別說,這一年一次的鬼市倒是真熱鬧,鬼山鬼海的,卻又格外安靜,周圍沒有叫賣聲,就連和老闆講價,聲音也不高,再配上到處都是烏青色的鬼臉,看起來異常和諧。
跟着敏敏逛了一圈,我卻發現這鬼市倒都是國產手機,問起站在旁邊的鬼王:“怎麼鬼市裏只有國產手機,沒有蘋果?”
“喬布斯是外國人,不歸地府管轄,所以這鬼市自然也就沒有蘋果手機,目前還沒有開通進出口服務窗口。”鬼王還在糾結怎麼哄小魚,漫不經心的回答道。
原來中西方的鬼魂去處不一樣,中國人的鬼魂,自然是來這地府,西方的卻是歸天堂和地獄分管。
我們也沒有什麼想買的東西,反倒是敏敏買了一大堆,不過都留了地址,等着送貨上門,小魚趴在我肩上打了個哈切,只道她是困了,便直接結束回家。
解決了鬼王相親的事,他也就再也沒有藉口待在人間,也就沒有跟着我們回家,而是回了地府。
一晃過了半個月,自從上次七月十五乘着鬼門大開去了鬼市逛了一圈,我們便再也沒了別的事可做,而鬼王回了地府就再也沒來找我們,我只得每天曬太陽逛街。
不過小魚倒是最近精神不太好,神情有些萎靡,而且一旦有人打開房間門,就會立刻看向門口,只是看到人之後,卻又不開心的轉身,搞不清是怎麼回事。
就連敏敏每天的逗弄,也沒反應,我也跟着着急上火,眼看着原本把小魚養的白白胖胖的臉頰,又很快凹陷下去。

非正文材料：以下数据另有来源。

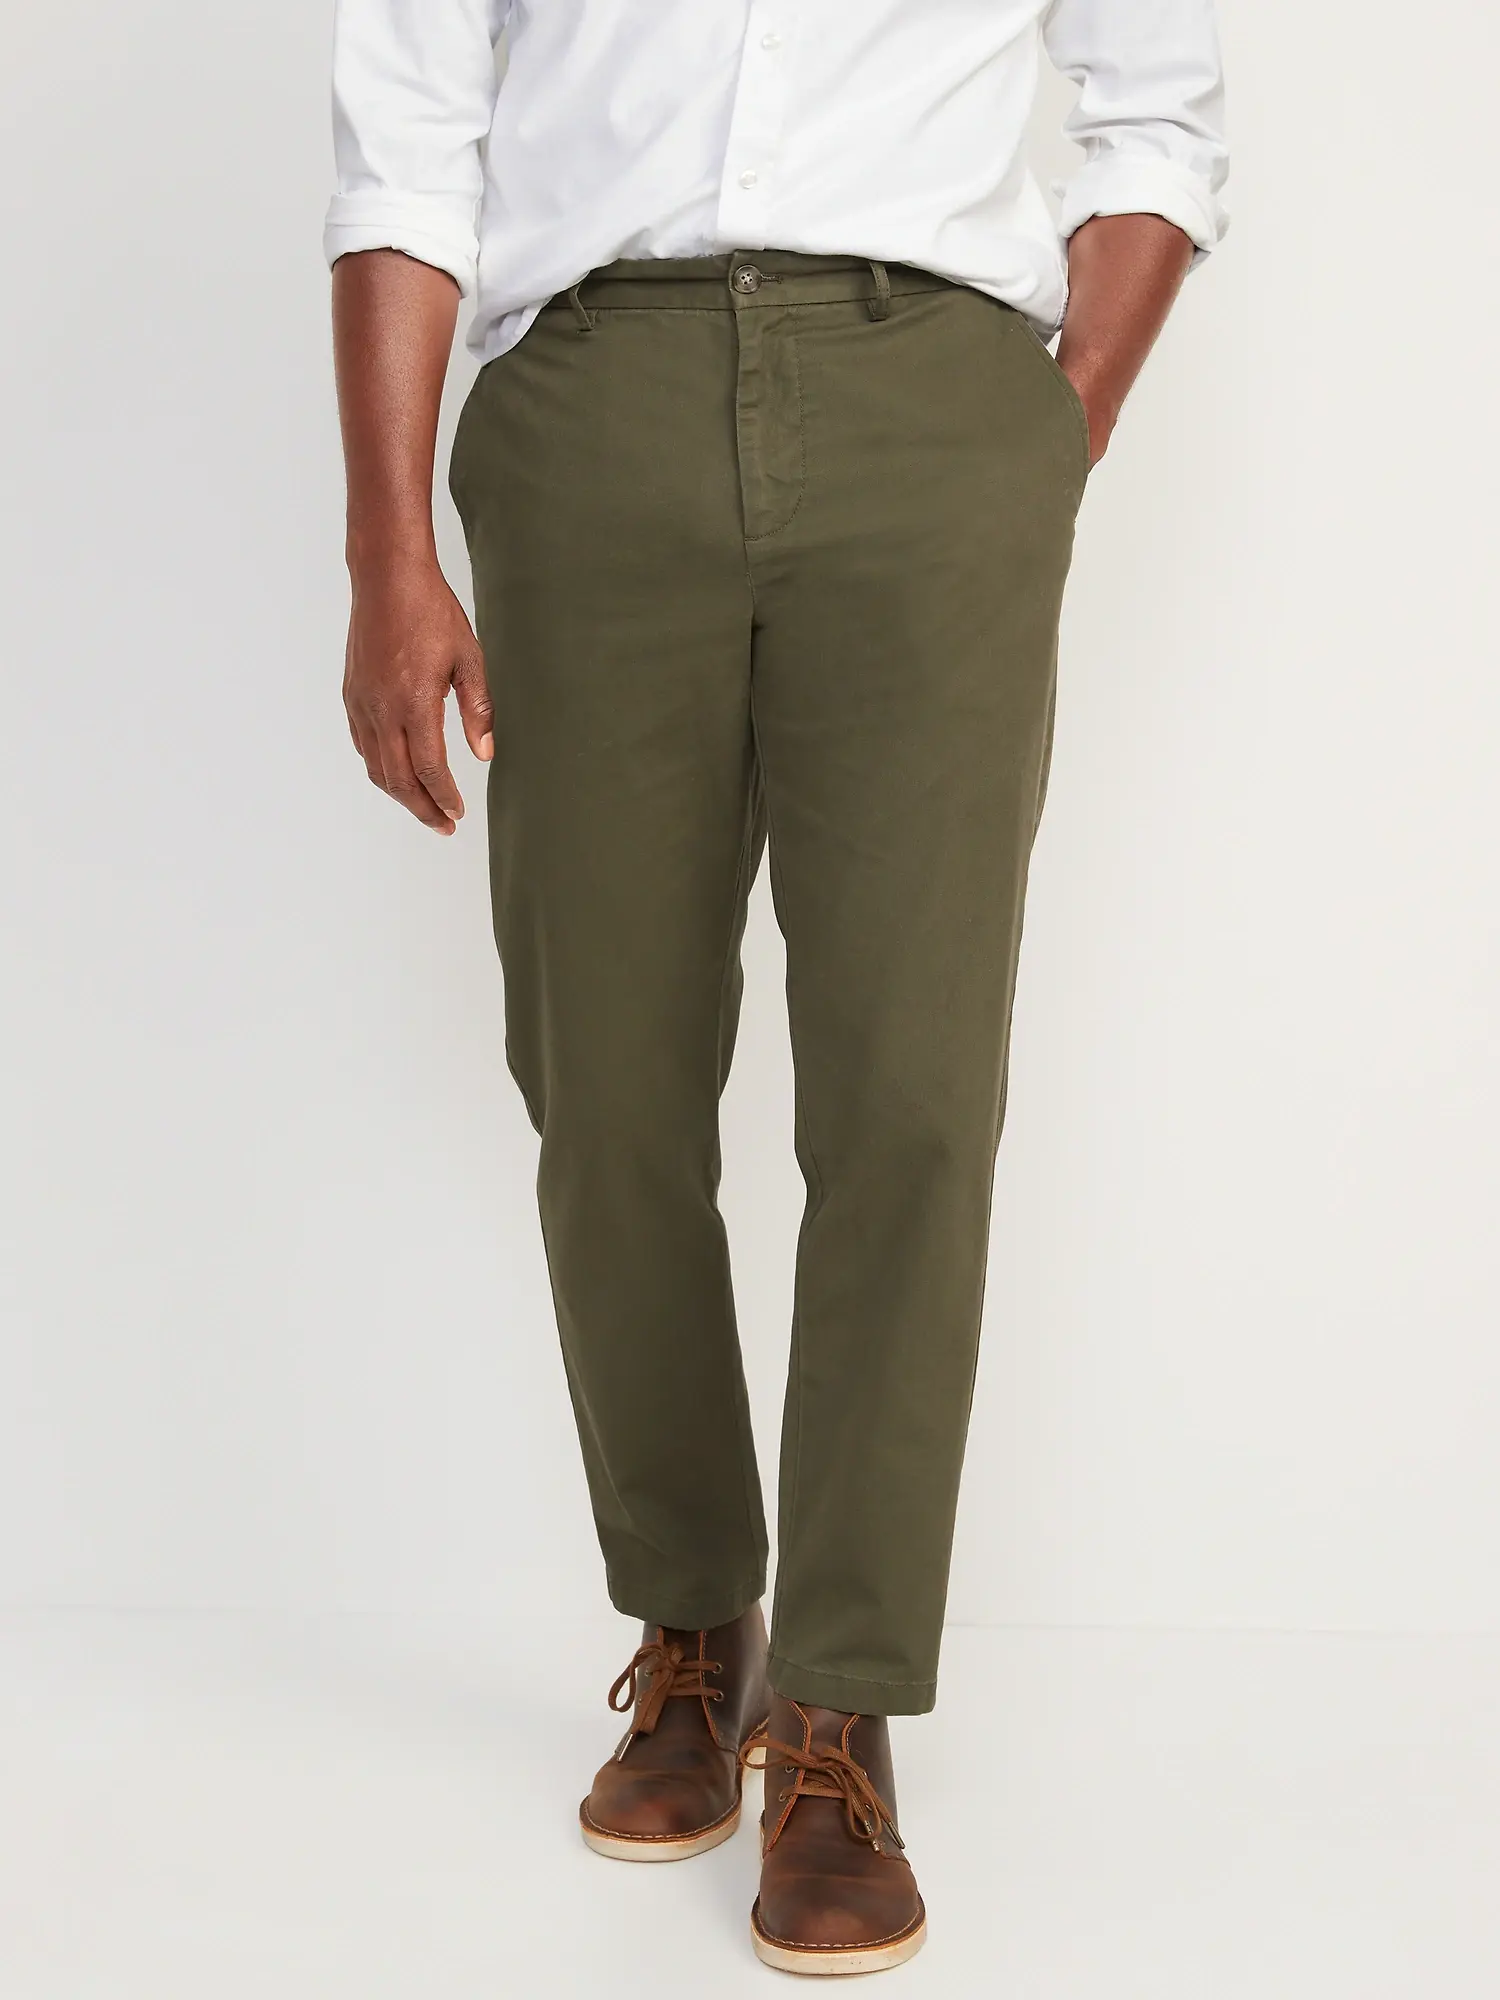 Old Navy Loose Taper Built-In Flex Rotation Ankle-Length Chino Pants for Men green. 1

“你說到底是怎麼回事?”我實在是沒了辦法,見小魚這麼消沉下去,又找不到原因,便問封荼。
封荼瞥了一眼小魚,毫不在意道:“怕是太久沒見到鬼王,得了相思病了。”
我卻是有點不信,小魚不過是個小孩子,怎麼可能會得相思病呢!
但是……聯想起這之前的種種,卻真的和封荼說的對上了,我這才恍然大悟,連忙讓敏敏用手機召喚鬼王。
敏敏雖然極其不情願,但畢竟關係小魚的身體健康,還是彆扭的給鬼王發短信,說明情況,沒想到信息發出去沒多久,鬼王立馬出現在屋裏。
“怎麼回事?小魚出什麼事了?”鬼王一看到我們,立馬問起小魚的情況,神情焦急,沒等我說明情況,鬼王卻等不及,直接就走去小魚的屋子。
我心裏也有些着急,害怕鬼王怪我沒照顧好小魚,我拉着封荼走進房間,鬼王此時也發現小魚沒有精神,而且還有些消瘦,埋怨的看了我們一眼道:“你們是怎麼照顧兒媳婦的,怎麼還變瘦了。”
看了封荼一眼,我不知道怎麼說小魚的情況,萬一不是我們想的那樣,豈不是惹得鬼王誤會,但是確實又找不到別的原因,只得在一邊站着不說話,鬼王也沒再問,光顧着逗小魚開心。
我站在房間門口,卻發現小魚看到鬼王的時候,眼睛一亮,確實精神頭起來了,不再萎靡,只是看了眼後,又扁了扁嘴,似乎極不待見鬼王,不管鬼王怎麼耍寶,都愣是不再搭理。
一點反應都沒有,只是轉身看向別處,急的鬼王抓耳撓腮,不知道該如何是好。
“哼,真是光有我的樣子,一點哄媳婦的本事都沒學到。”一直雙手環胸站在一旁的封荼突然冷哼了一聲,冷嘲道,我聽了後,白了他一眼,也沒說什麼,只靜靜的看着鬼王和小魚的互動。
我明顯看到小魚雖然不搭理鬼王,眼睛看向一邊,但還是時不時的瞥向鬼王,確定他是否還在,只不過鬼王在着急讓小魚搭理自己,而沒有觀察到罷了。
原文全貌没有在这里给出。